● **EXTRACTED INFORMATION**
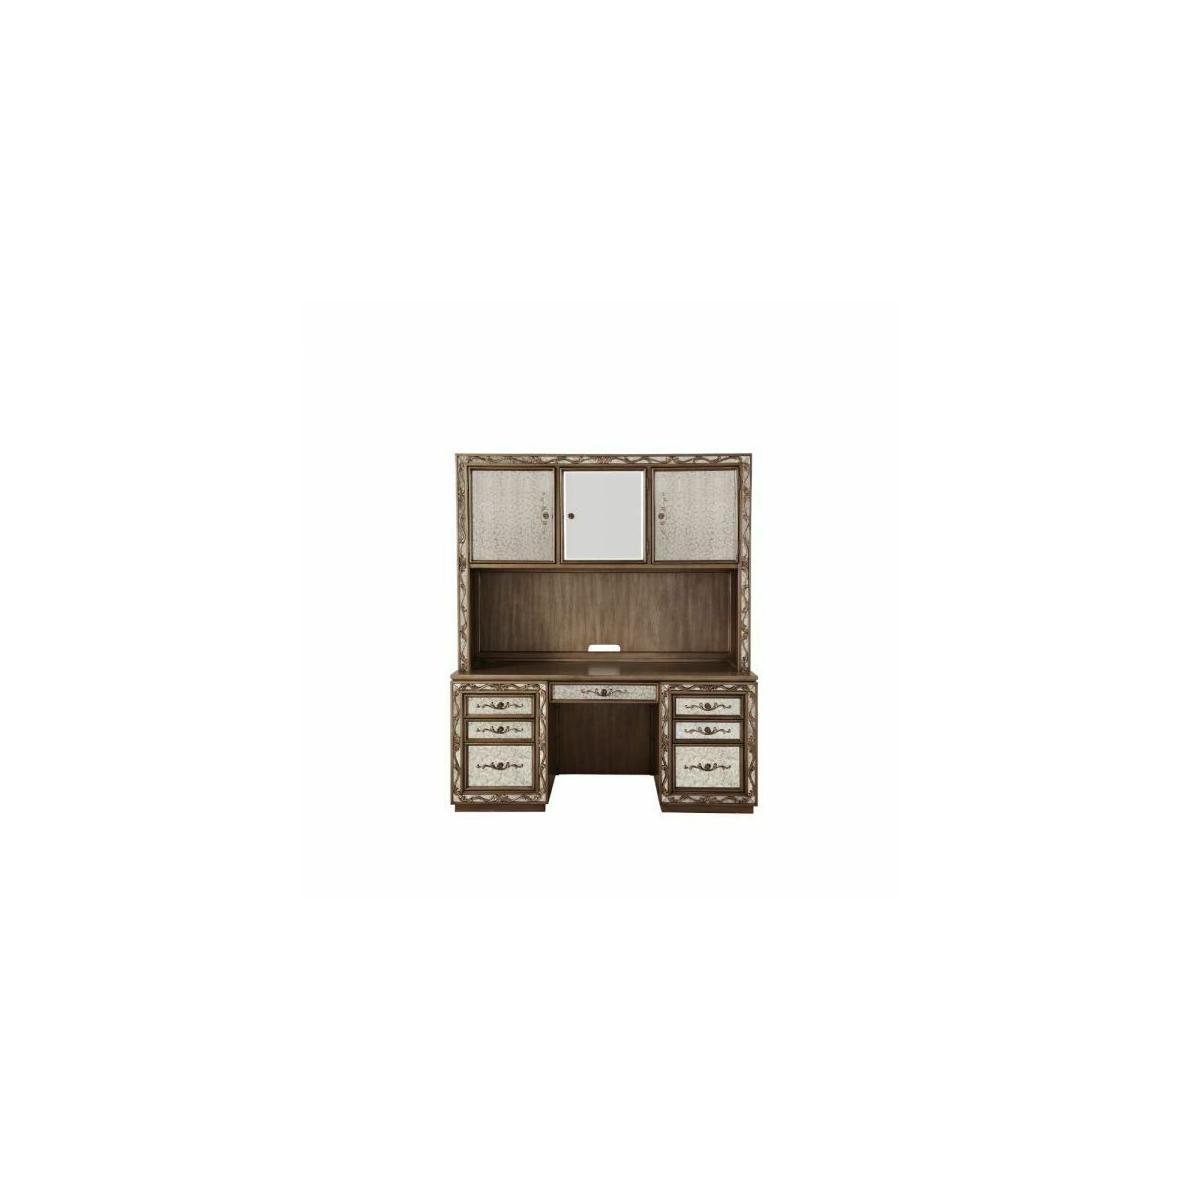 ACME Orianne Computer Desk & Hutch - 93790 - Antique Gold
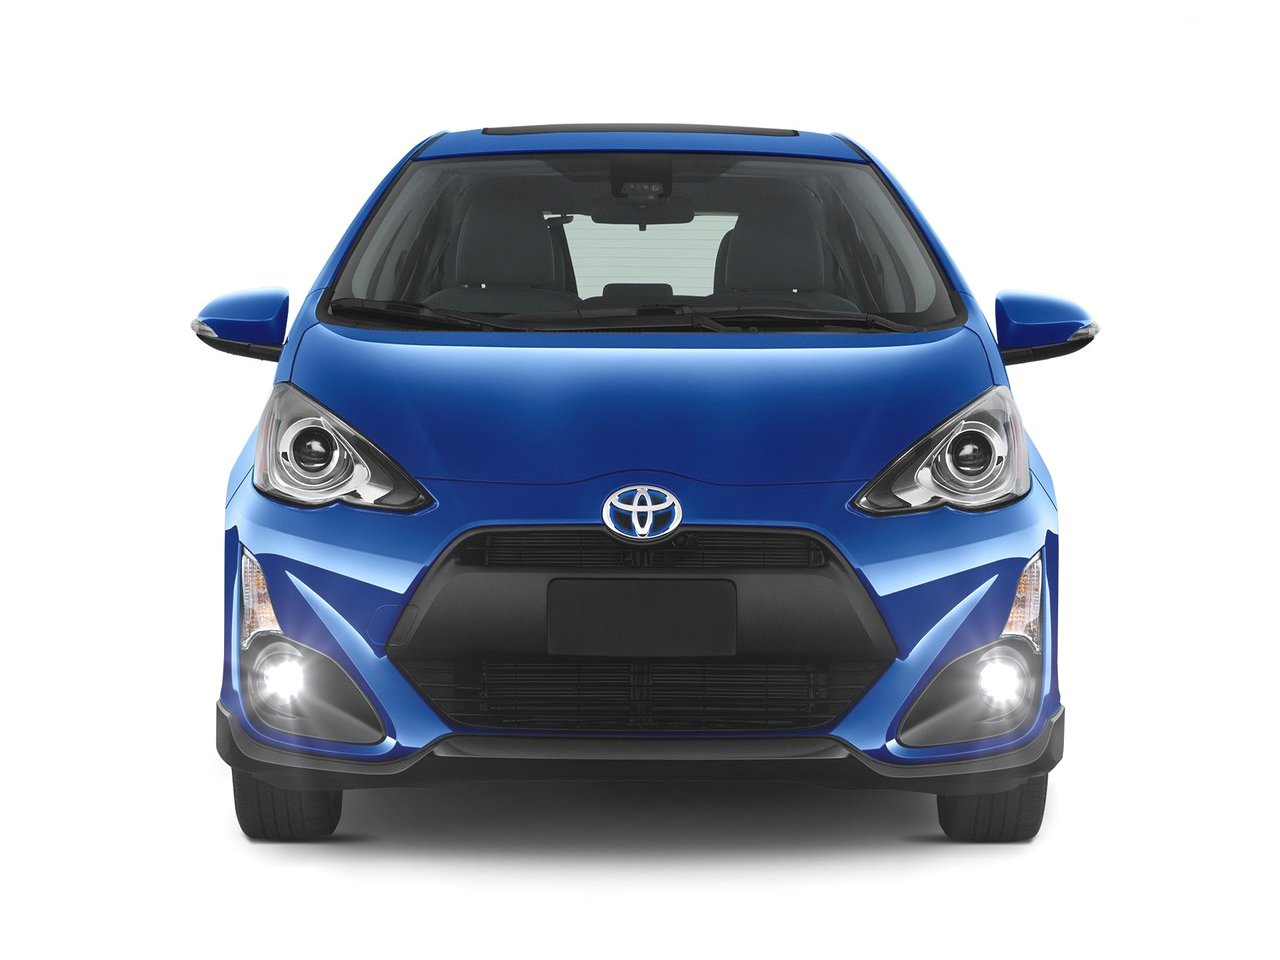 2017 2018 Toyota Prius c Xenon Fog Lights Lamps Kit
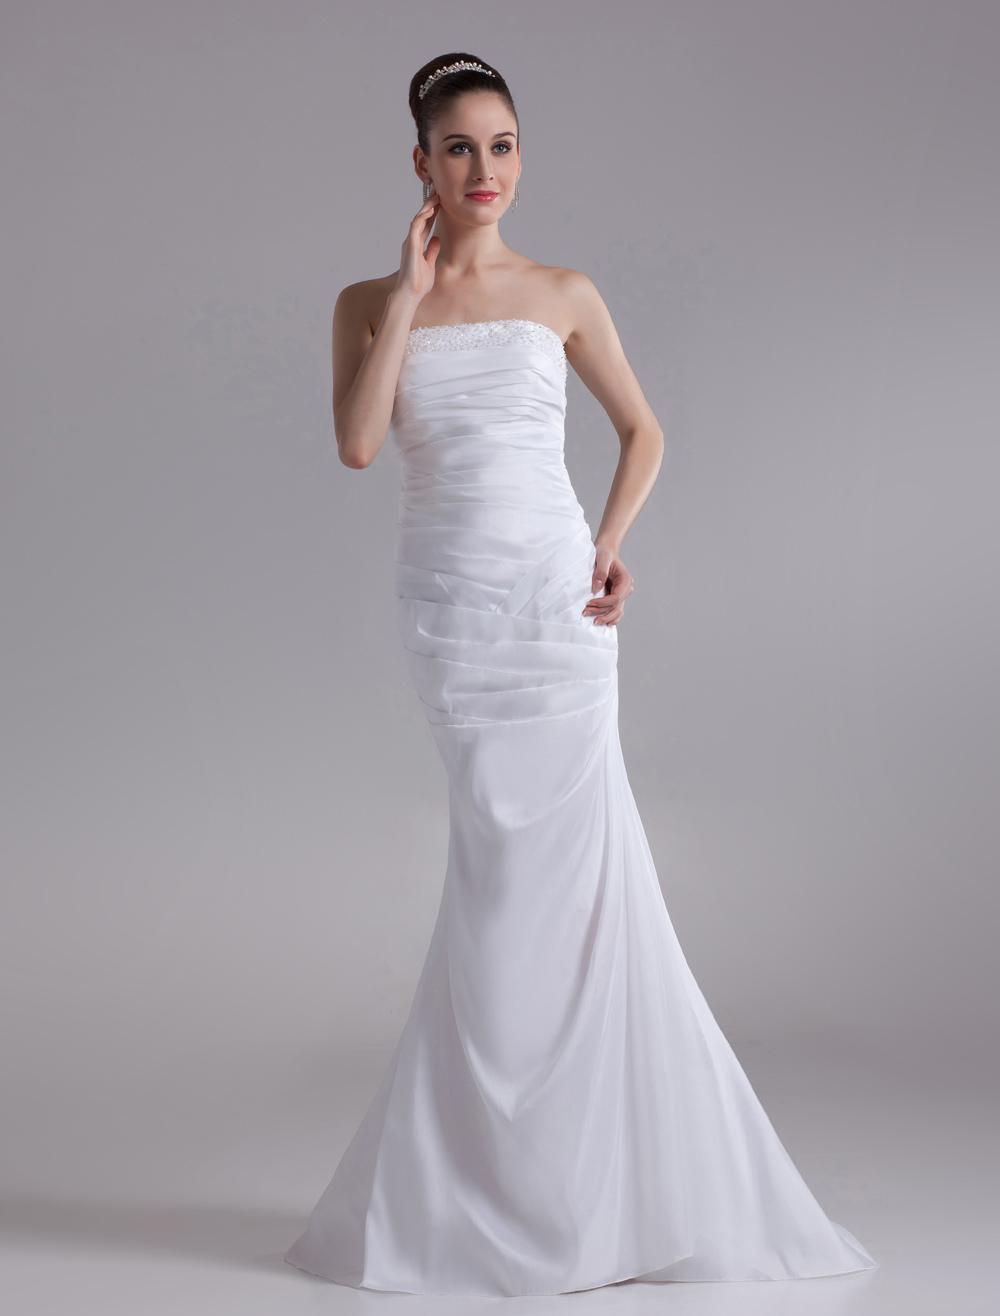 White Mermaid Strapless Beading Taffeta Wedding Dress For Bride photo
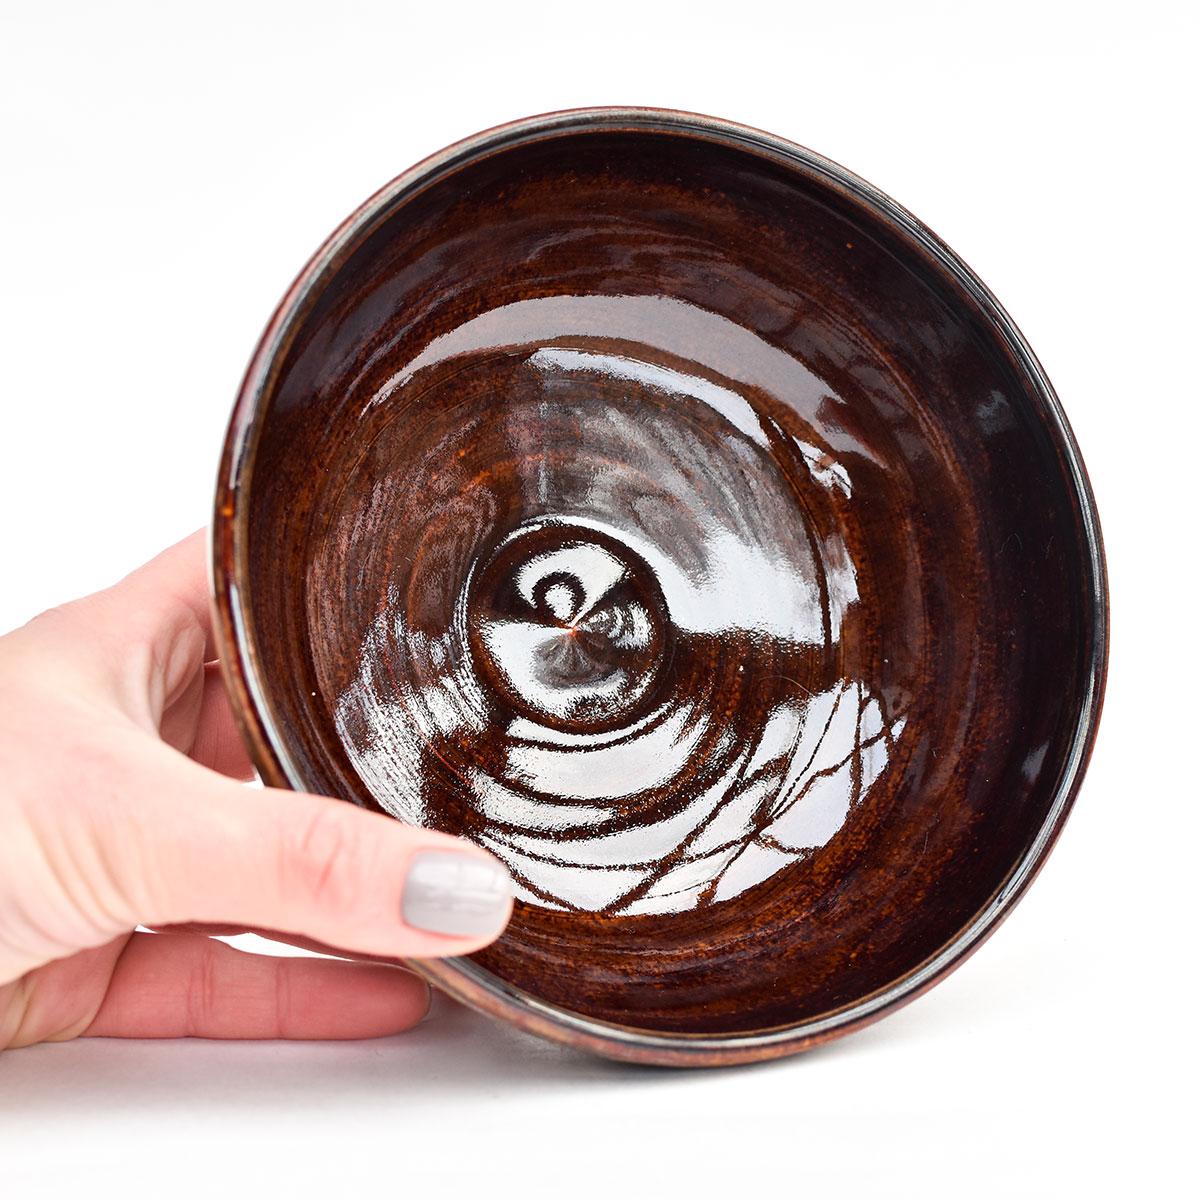 картинка Керамический салатник Натальи Астаховой 3 - DishWishes.Ru
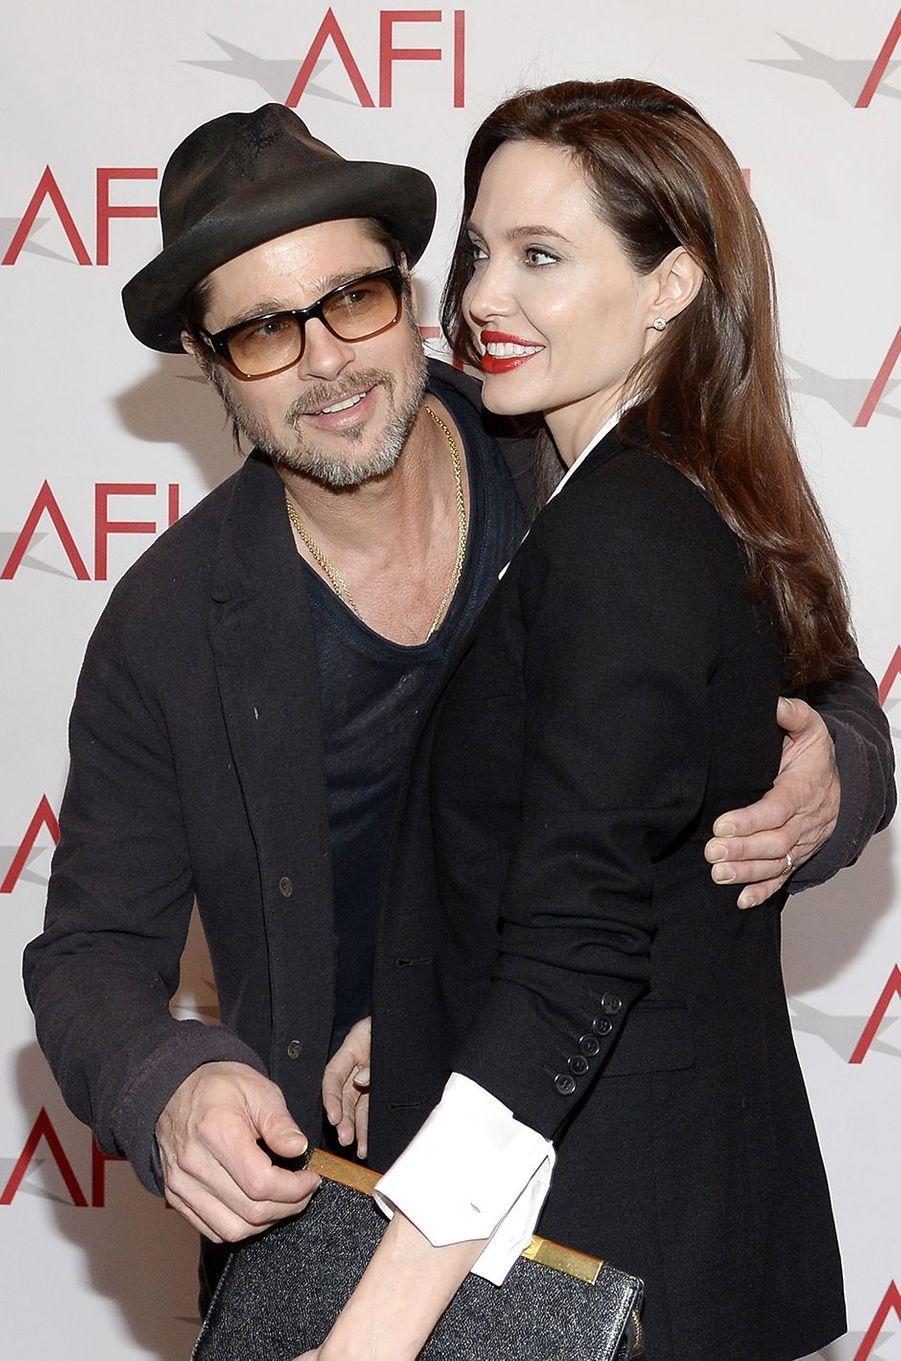 Angelina Jolie et Brad Pitt aux AFI Awards en janvier 2015.

● **AIM OF THE TASK**
Restate it all word for word: every record, no pictures.

● **SOLUTION TO THIS EXERCISE**
 ACME Orianne Computer Desk & Hutch - 93790 - Antique Gold
 2017 2018 Toyota Prius c Xenon Fog Lights Lamps Kit
 White Mermaid Strapless Beading Taffeta Wedding Dress For Bride photo
 картинка Керамический салатник Натальи Астаховой 3 - DishWishes.Ru
 Angelina Jolie et Brad Pitt aux AFI Awards en janvier 2015.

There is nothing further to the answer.